Лейтенант сделал знак капралу и отошел в сторону, пропуская солдат. Прочитал ее имя, вычерченное на снегу, улыбнулся. Потом махнул рукой, чтобы она уходила и побежал догонять своих. Но она не ушла. Она стояла на ветру и смотрела им вслед, пока взвод не скрылся в низине. Так она встретила Генри. Это была любовь. Первая любовь и Первая война. Теперь он умер. Война и сын остались с ней.
* * *Адъютант Фриц Раух положил перед оберштурмбаннфюрером папку с документами и небольшой запечатанный конверт:
— Только что доставили из Четвертого управления, — доложил он. — Протоколы допросов и некоторые личные вещи, изъятые при обыске.

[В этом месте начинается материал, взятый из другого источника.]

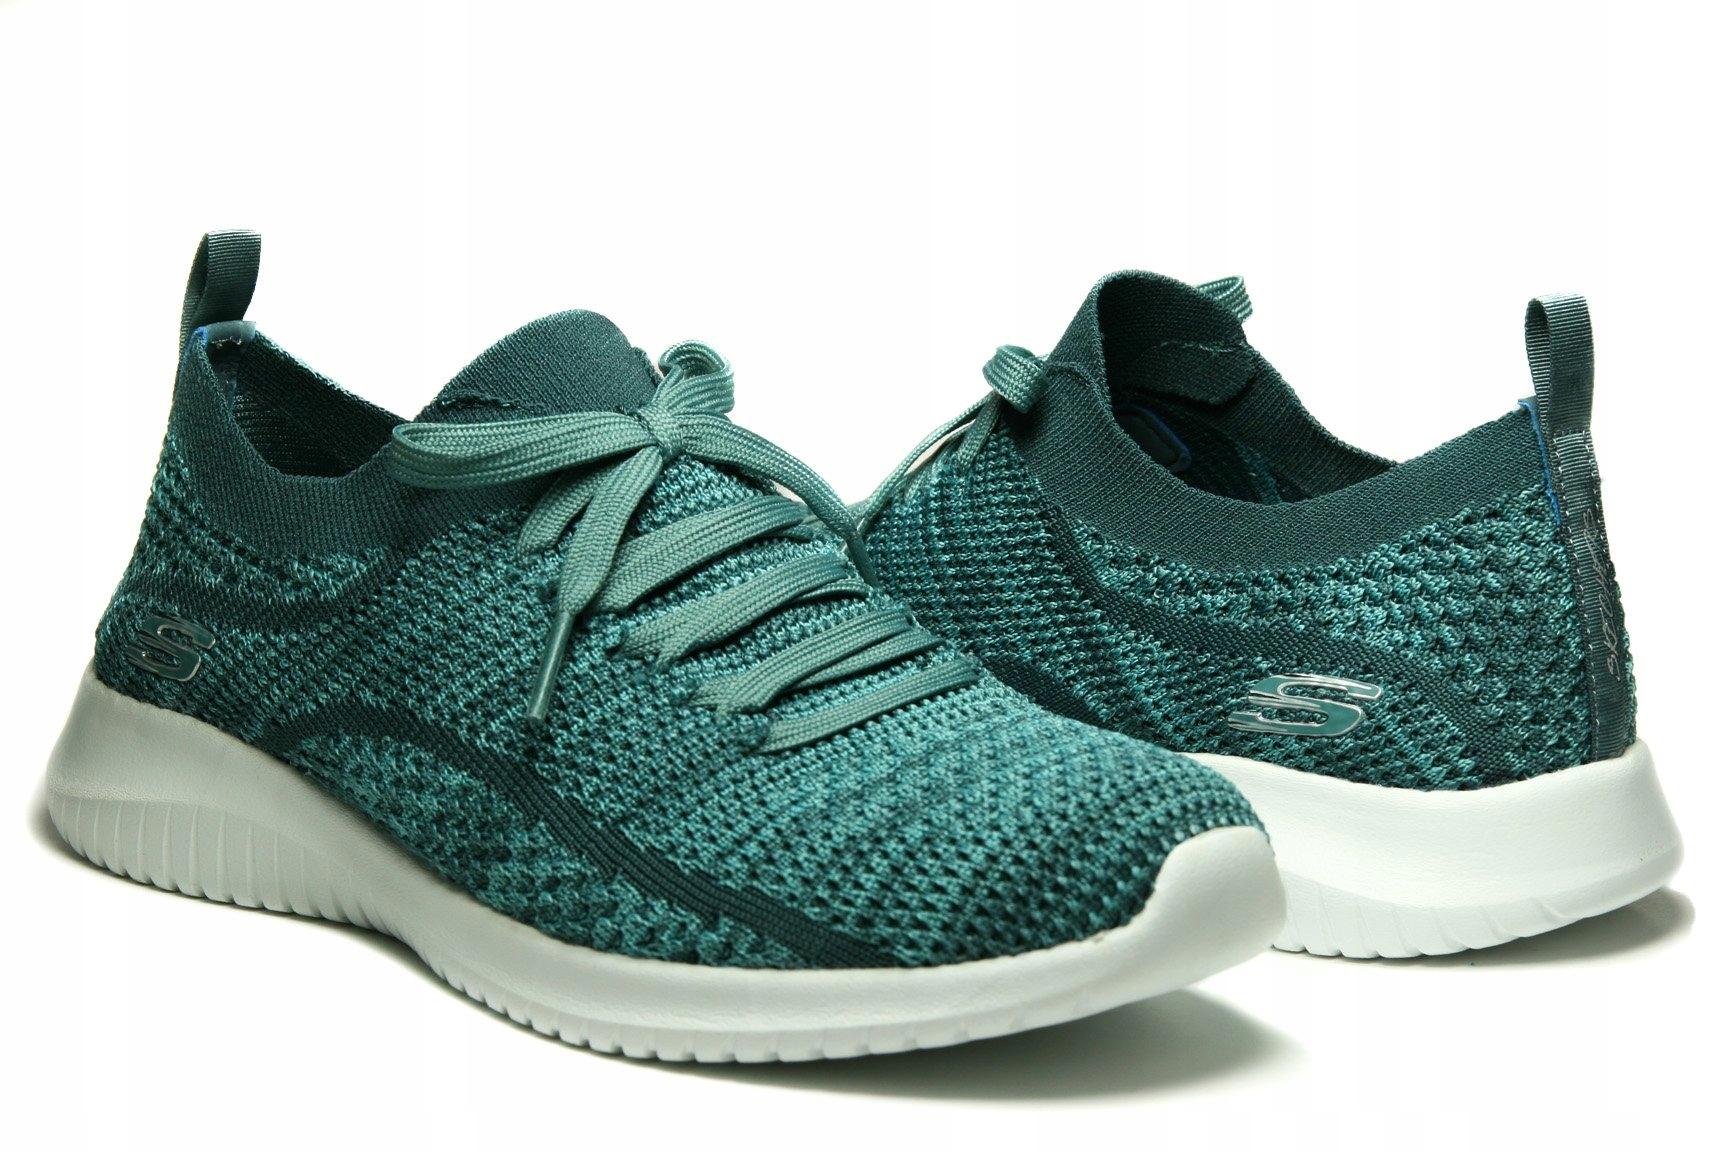 Buty damskie wsuwane Skechers 12841 - Różne rozm.
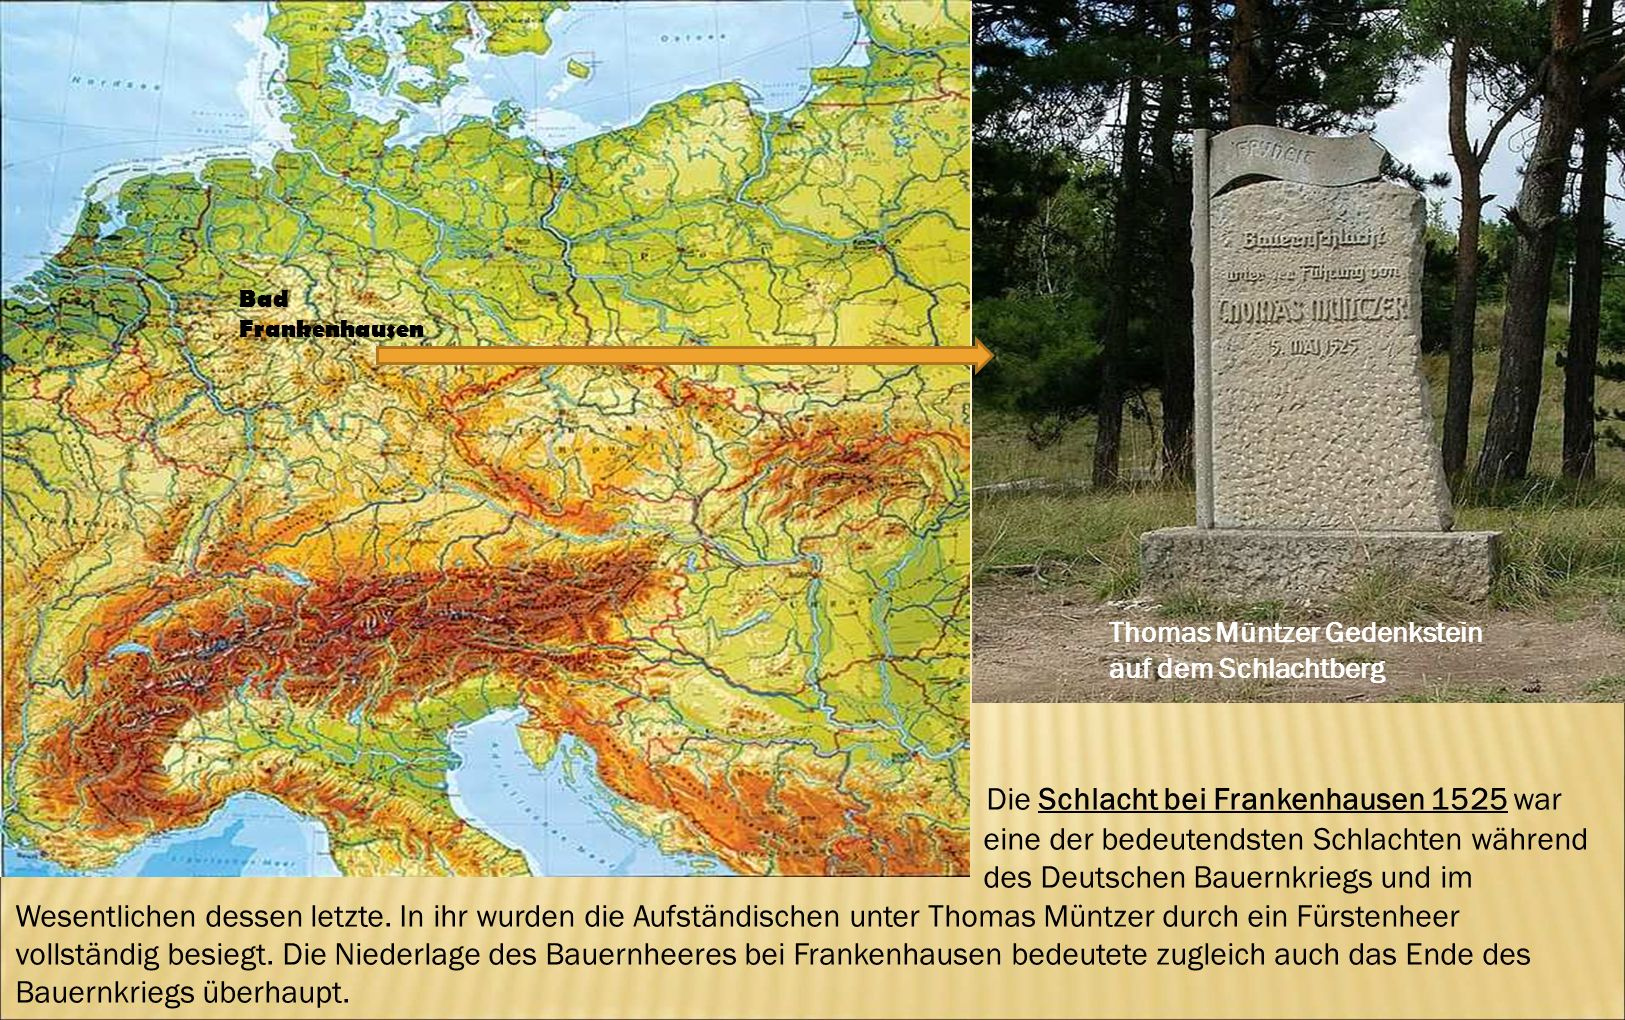 Die Schlacht bei Frankenhausen 1525 war

— Благодарю, Раух, — кивнул Скорцени холодно.
— Разрешите идти?
— Идите.
Адъютант вышел. Скорцени открыл папку. Ким Сэтерлэнд, прочитал он имя на первом листе, далее дата рождения — 15 августа 1902 года. Он думал, она моложе. Что это за личные вещи в конверте? Что-то негусто насобирало гестапо, странно даже…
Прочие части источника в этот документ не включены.